(Beginning of Provided material)
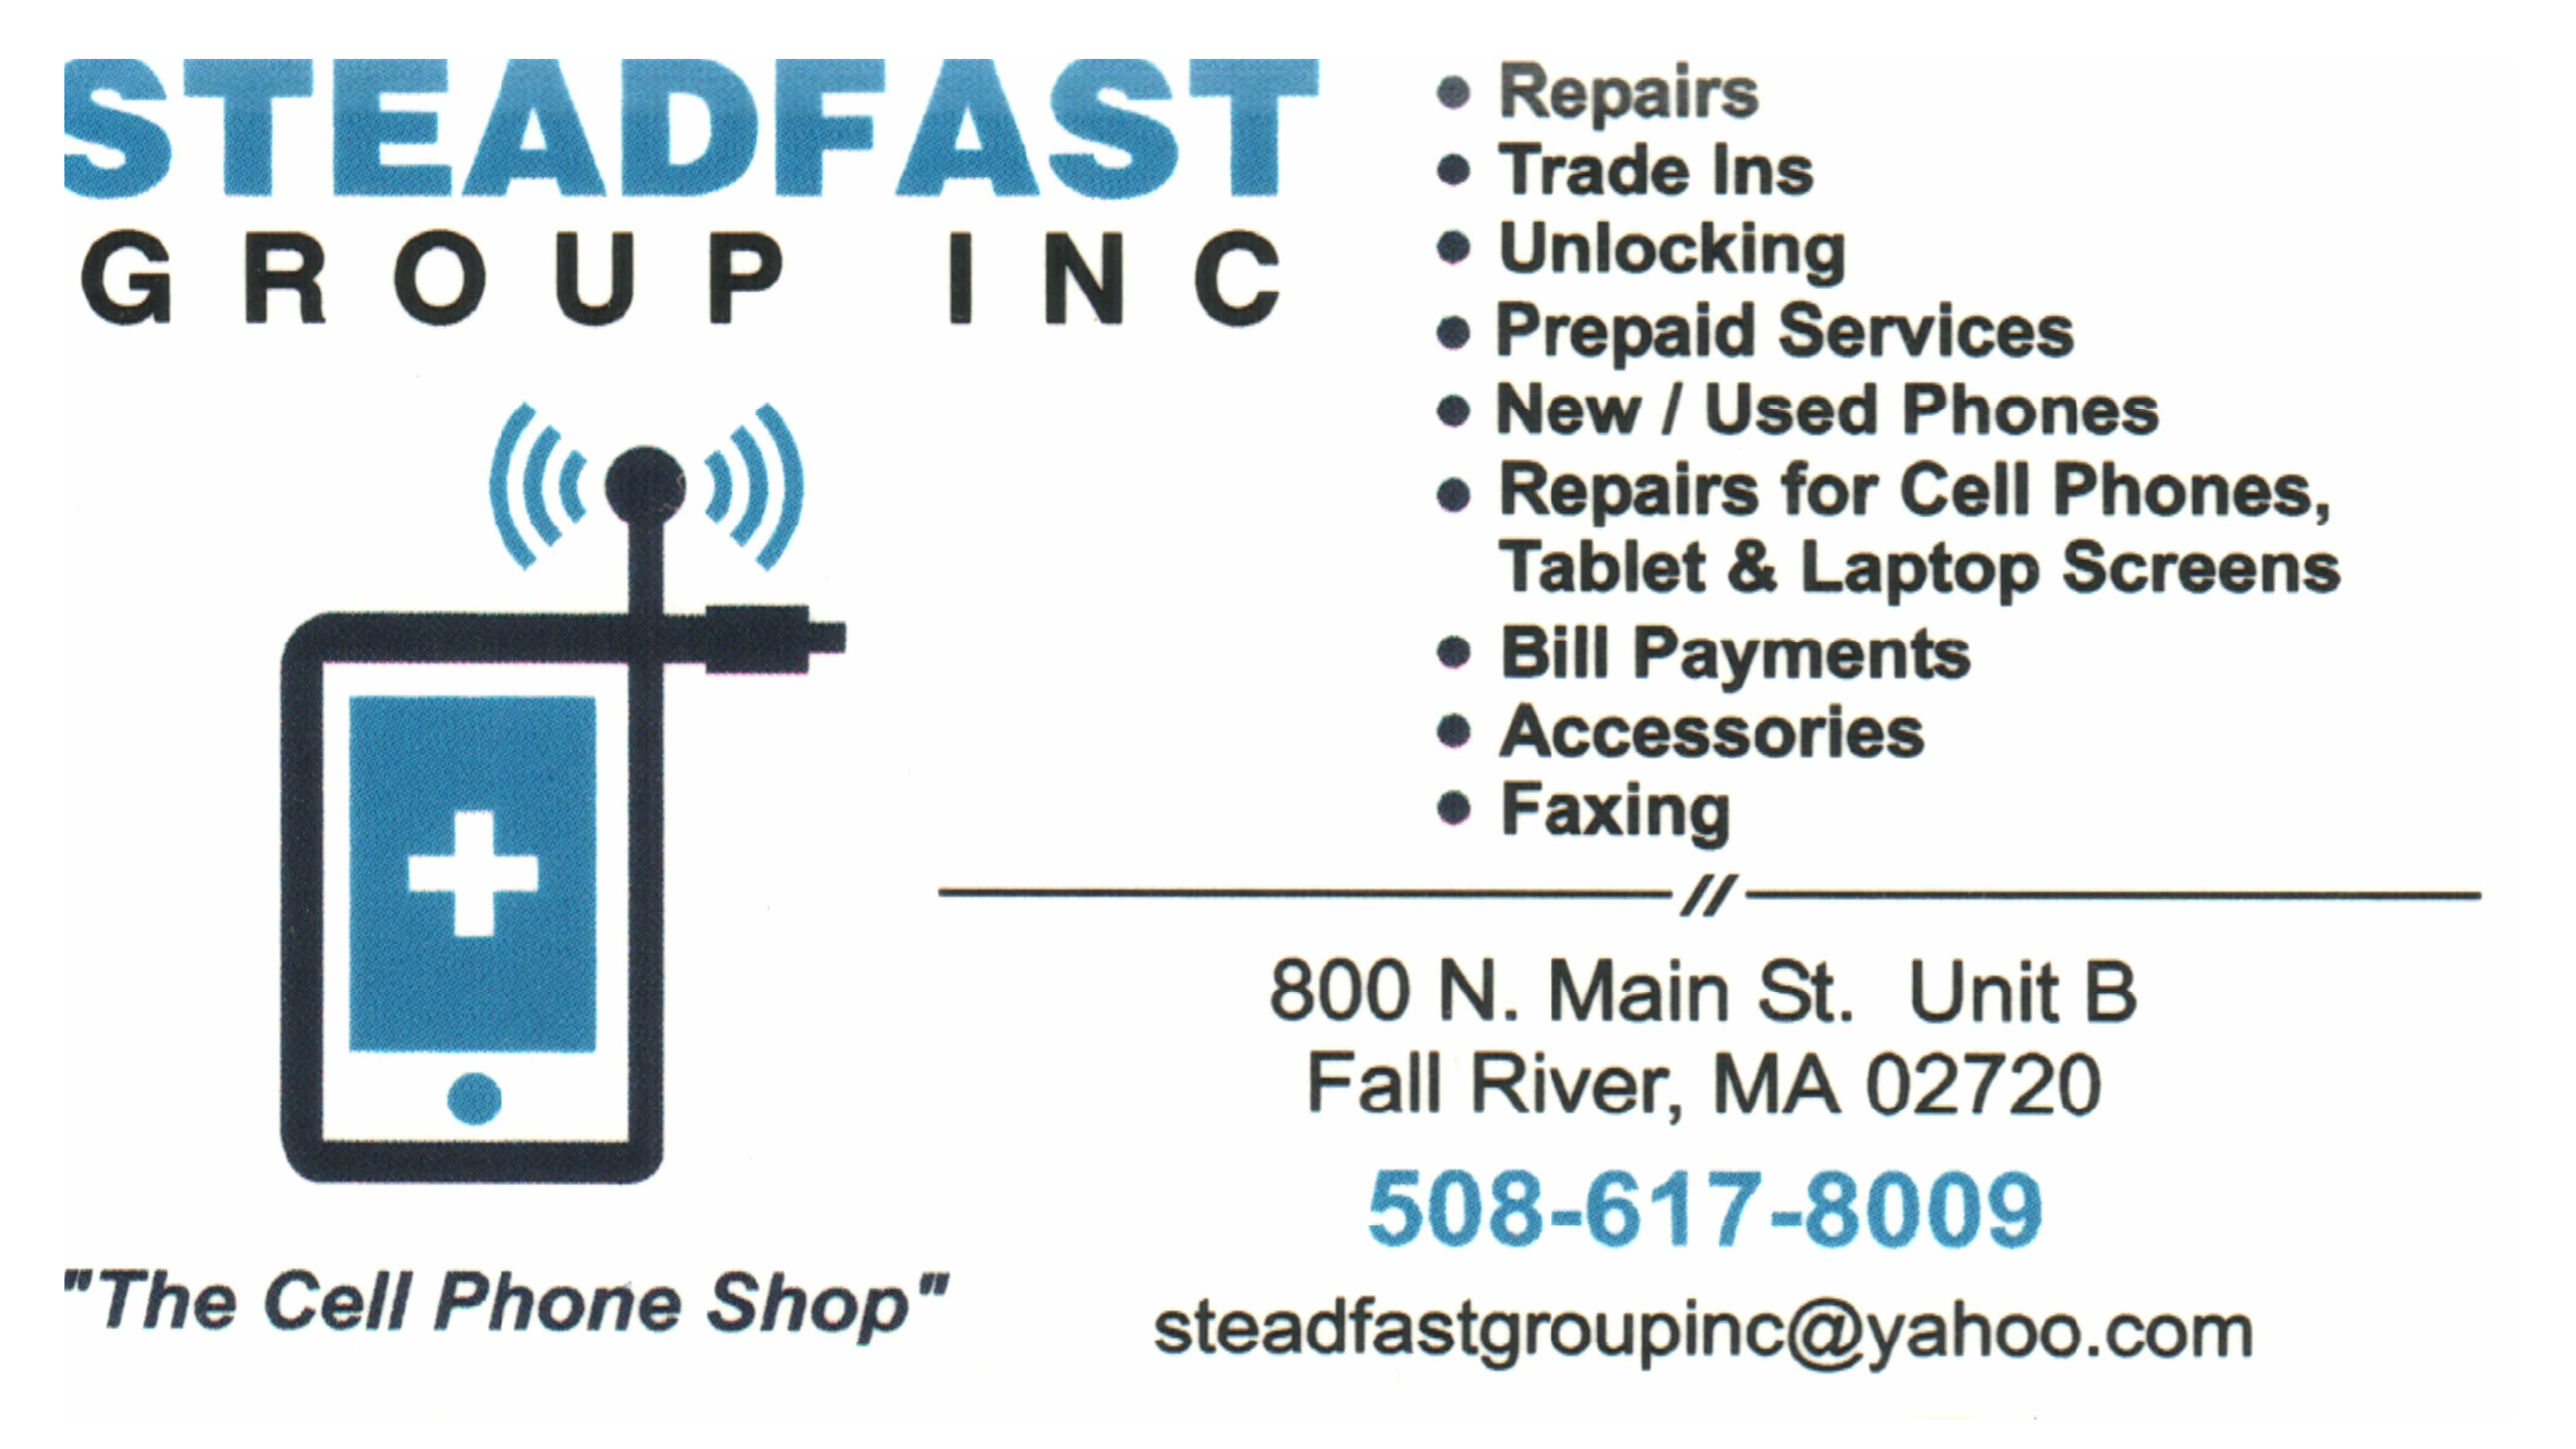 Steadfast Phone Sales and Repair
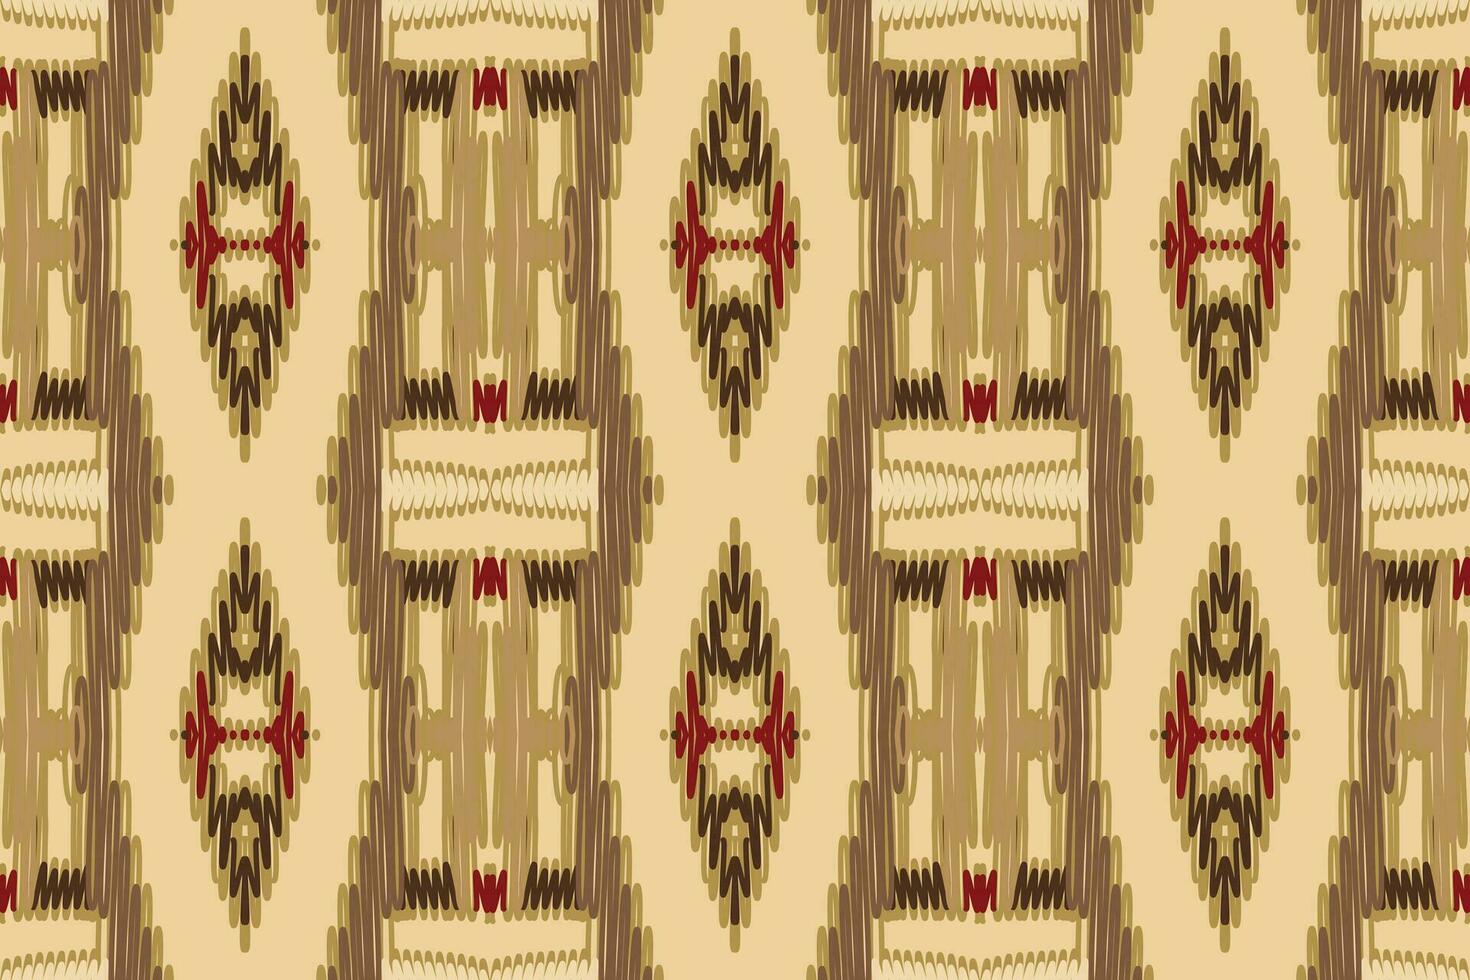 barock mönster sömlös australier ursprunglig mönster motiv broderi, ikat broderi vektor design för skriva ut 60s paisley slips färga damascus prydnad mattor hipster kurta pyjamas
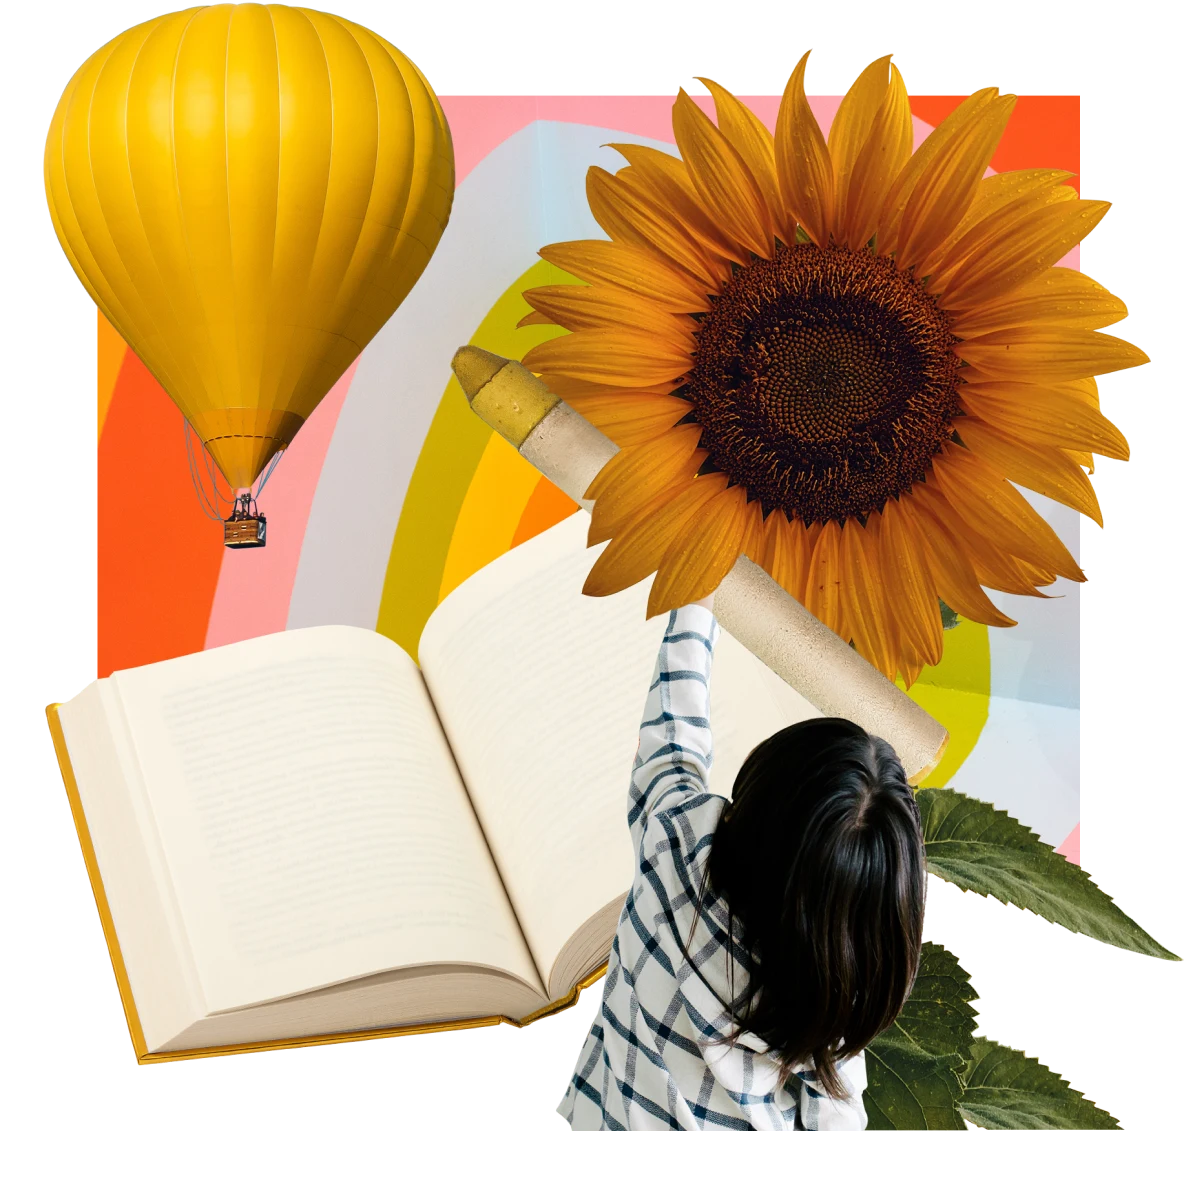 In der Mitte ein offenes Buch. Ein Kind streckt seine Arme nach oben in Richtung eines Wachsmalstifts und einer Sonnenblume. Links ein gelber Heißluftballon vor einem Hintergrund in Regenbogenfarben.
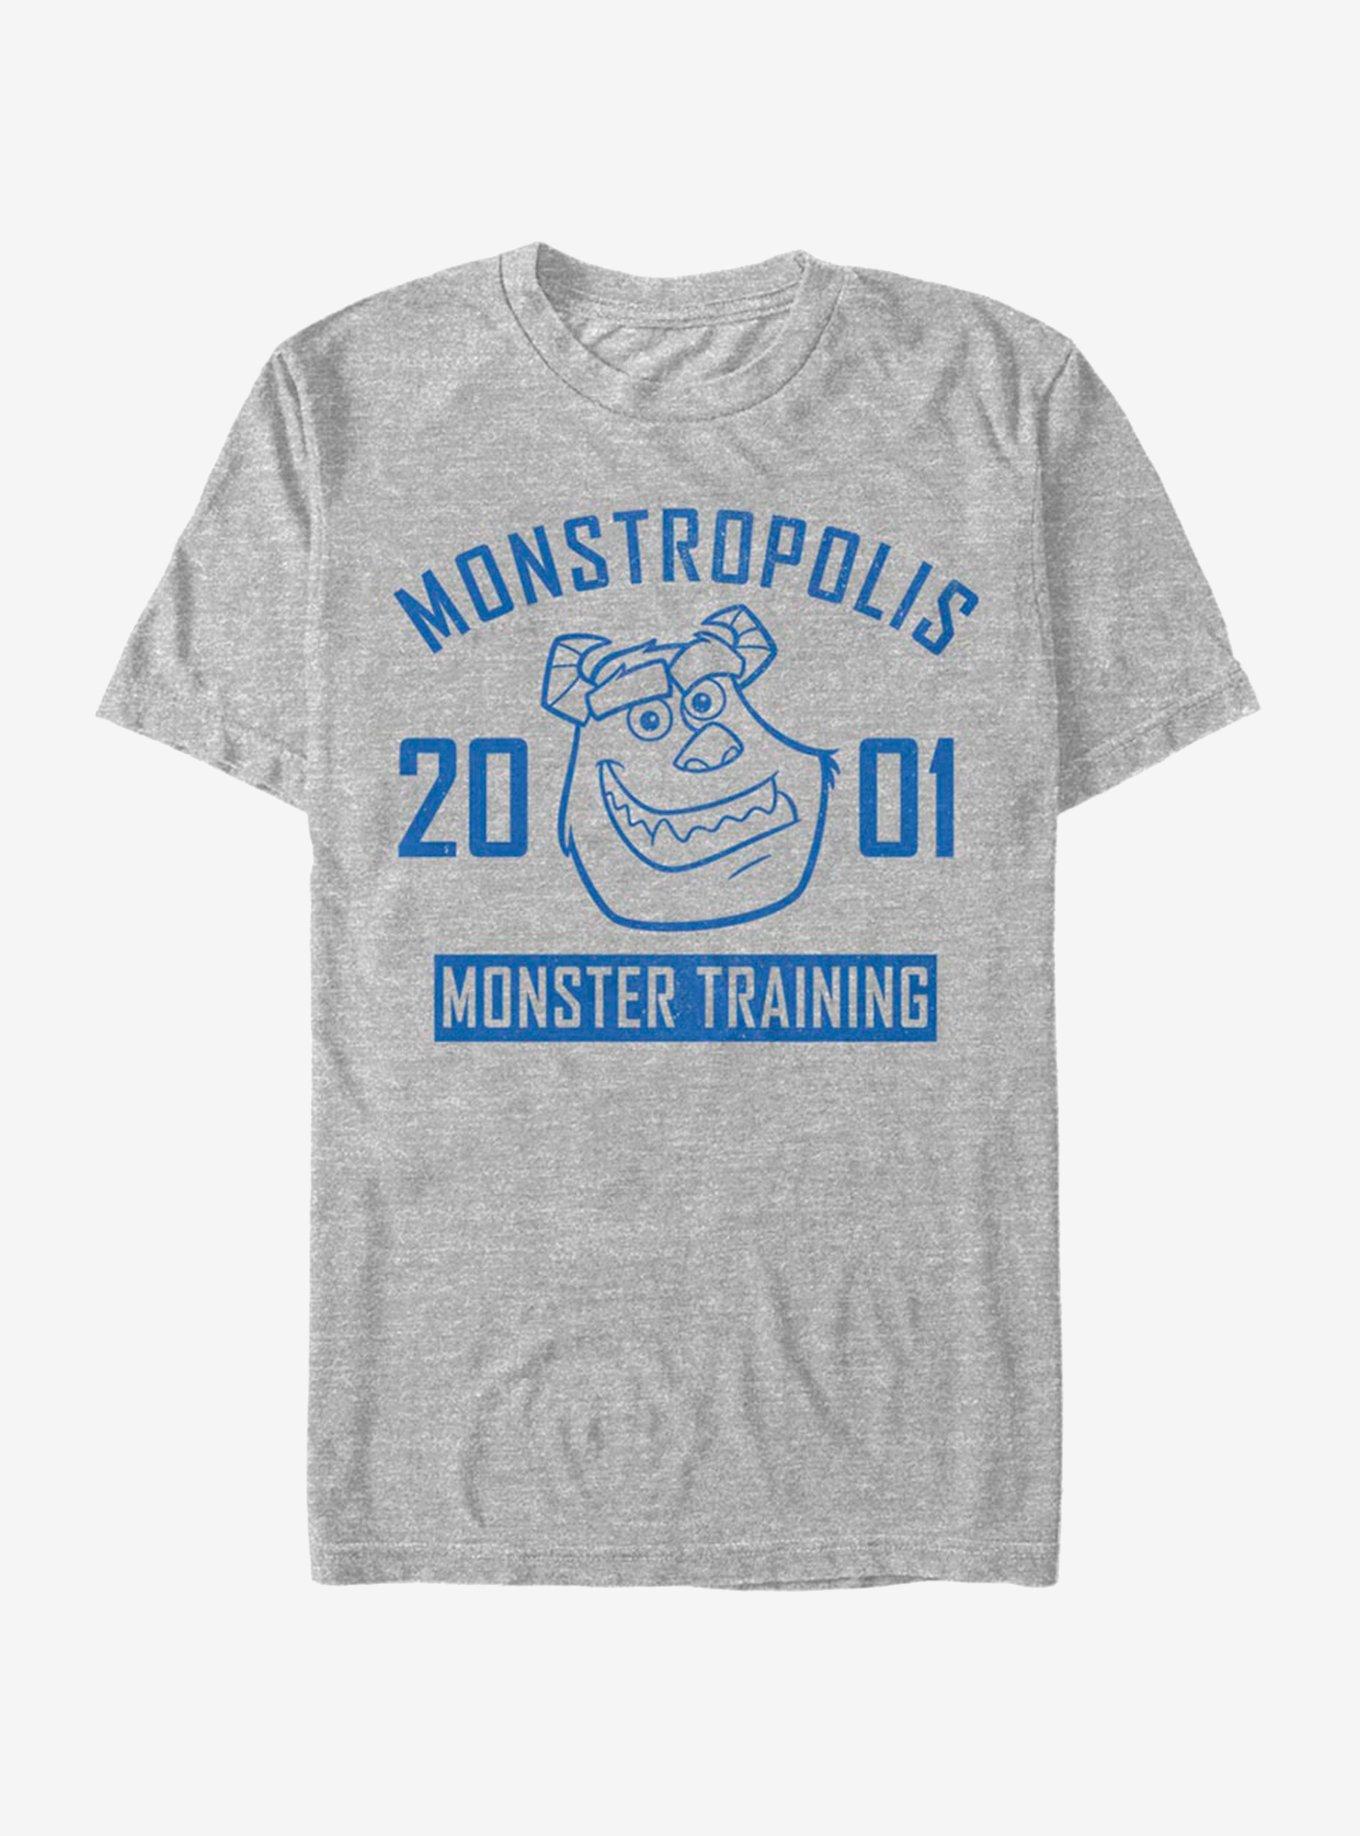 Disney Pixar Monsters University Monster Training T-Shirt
(End of Provided material)
# [Exercise goal]
Whenever a picture appears in the listing, leave it out; copy everything else exactly.

# [Exercise result]
 Steadfast Phone Sales and Repair
 barock mönster sömlös australier ursprunglig mönster motiv broderi, ikat broderi vektor design för skriva ut 60s paisley slips färga damascus prydnad mattor hipster kurta pyjamas
 In der Mitte ein offenes Buch. Ein Kind streckt seine Arme nach oben in Richtung eines Wachsmalstifts und einer Sonnenblume. Links ein gelber Heißluftballon vor einem Hintergrund in Regenbogenfarben.
 Disney Pixar Monsters University Monster Training T-Shirt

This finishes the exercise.